__Task requirements__
Exactly as they stand, copy the lines from the one containing "MALOYAROSLAVETS, RUSSIA - JULY" to the final line of the data; leave out the pictures.

__Input data__
+ + + + +
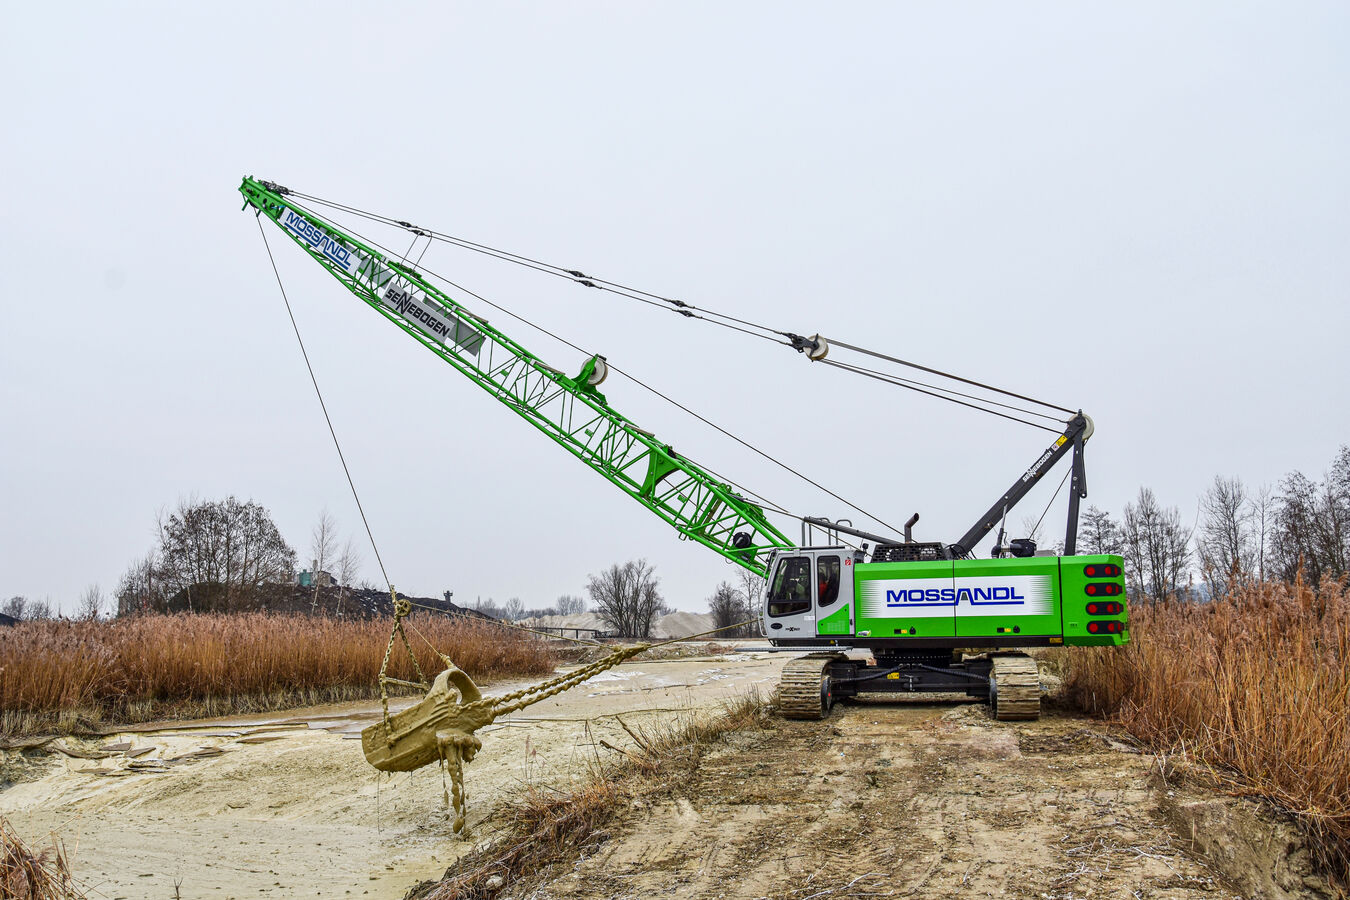 The 655E HD crane is equipped with a Hendrix drag bucket
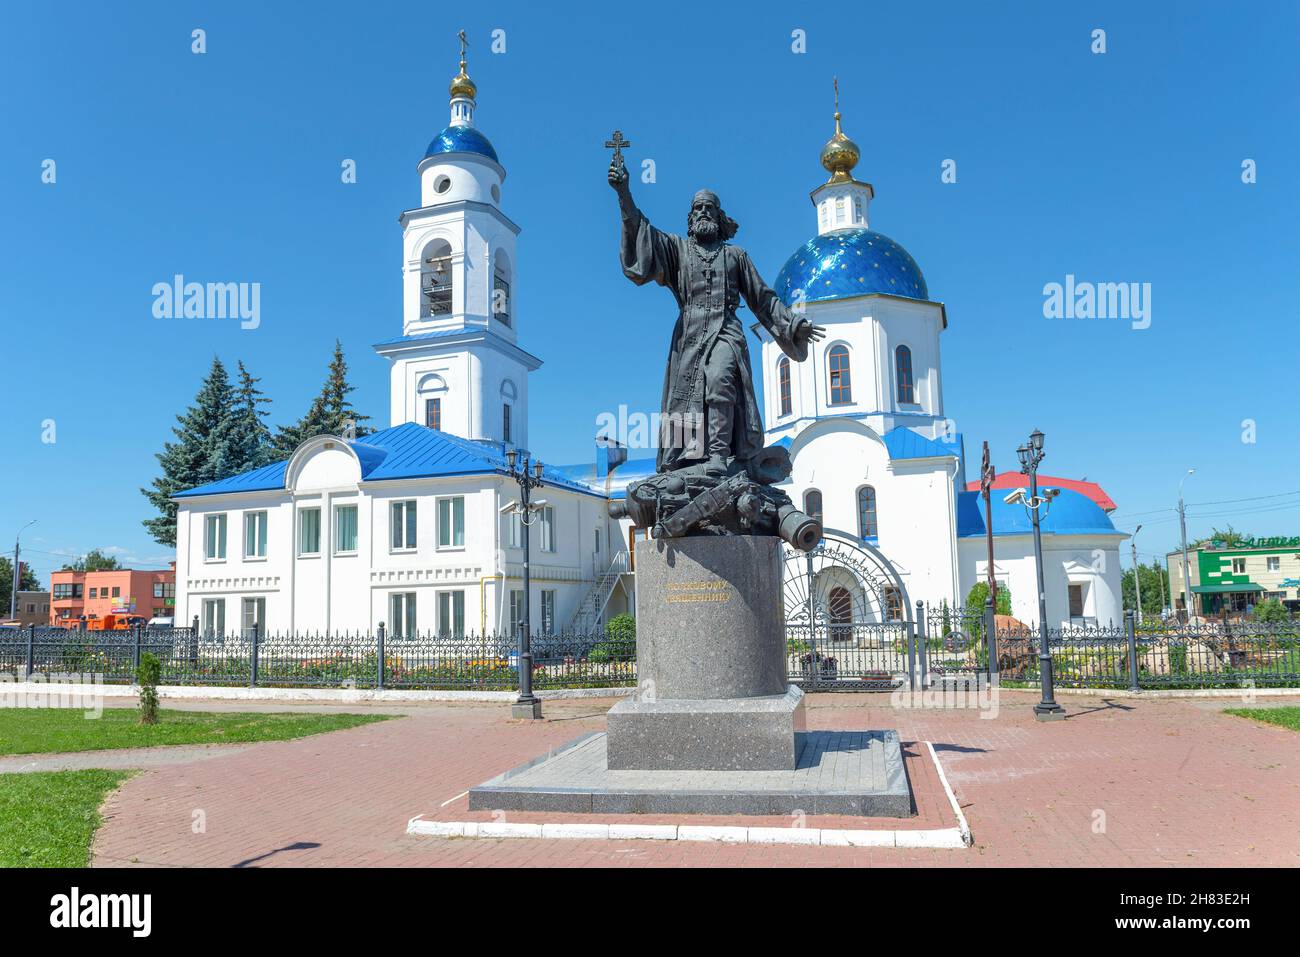 MALOYAROSLAVETS, RUSSIA - JULY 07, 2021: Monument to the regimental priest against the background of the ancient Kazan Cathedral on a sunny July day Stock Photo
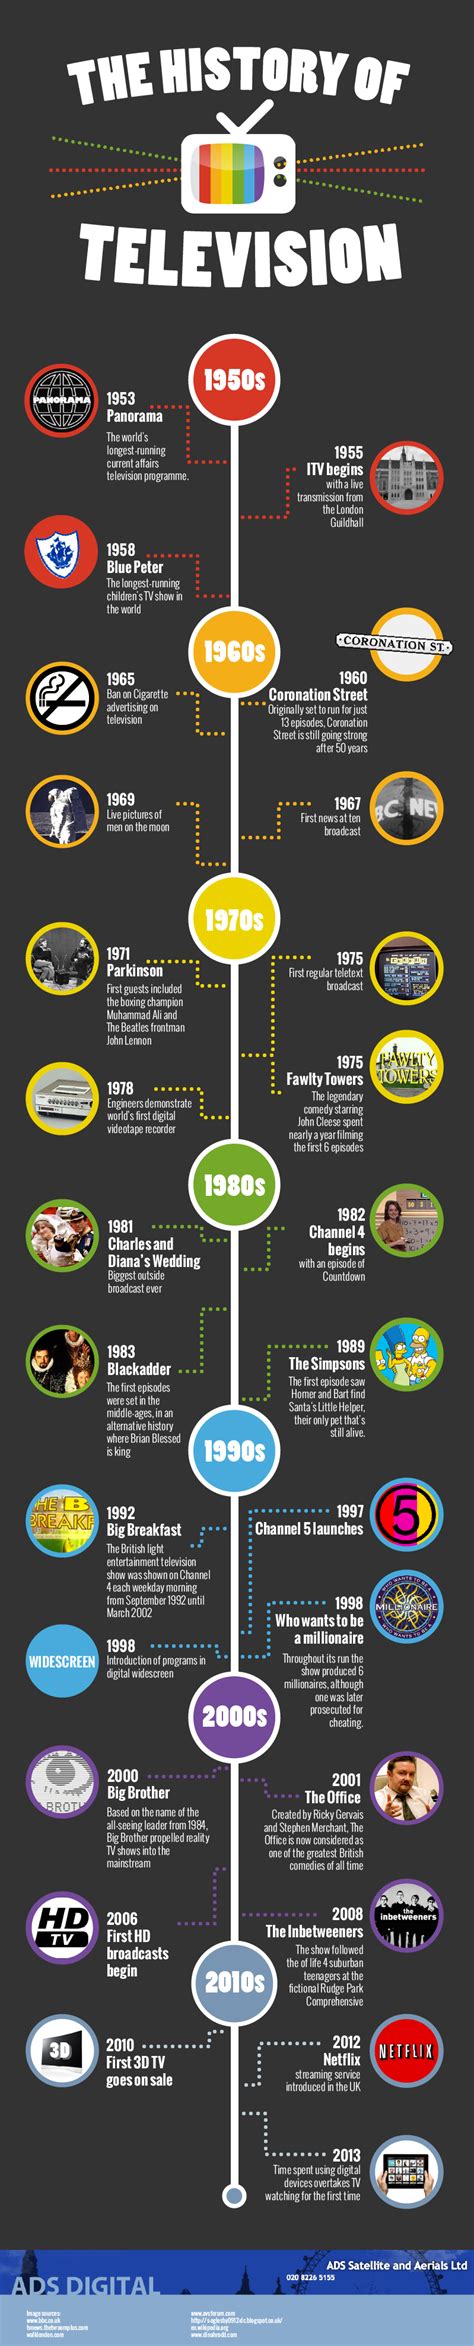 The History Of Television Infographic History Of Television Infographic Timeline Design
+ + + + +
__Finished task__
 MALOYAROSLAVETS, RUSSIA - JULY 07, 2021: Monument to the regimental priest against the background of the ancient Kazan Cathedral on a sunny July day Stock Photo
 The History Of Television Infographic History Of Television Infographic Timeline Design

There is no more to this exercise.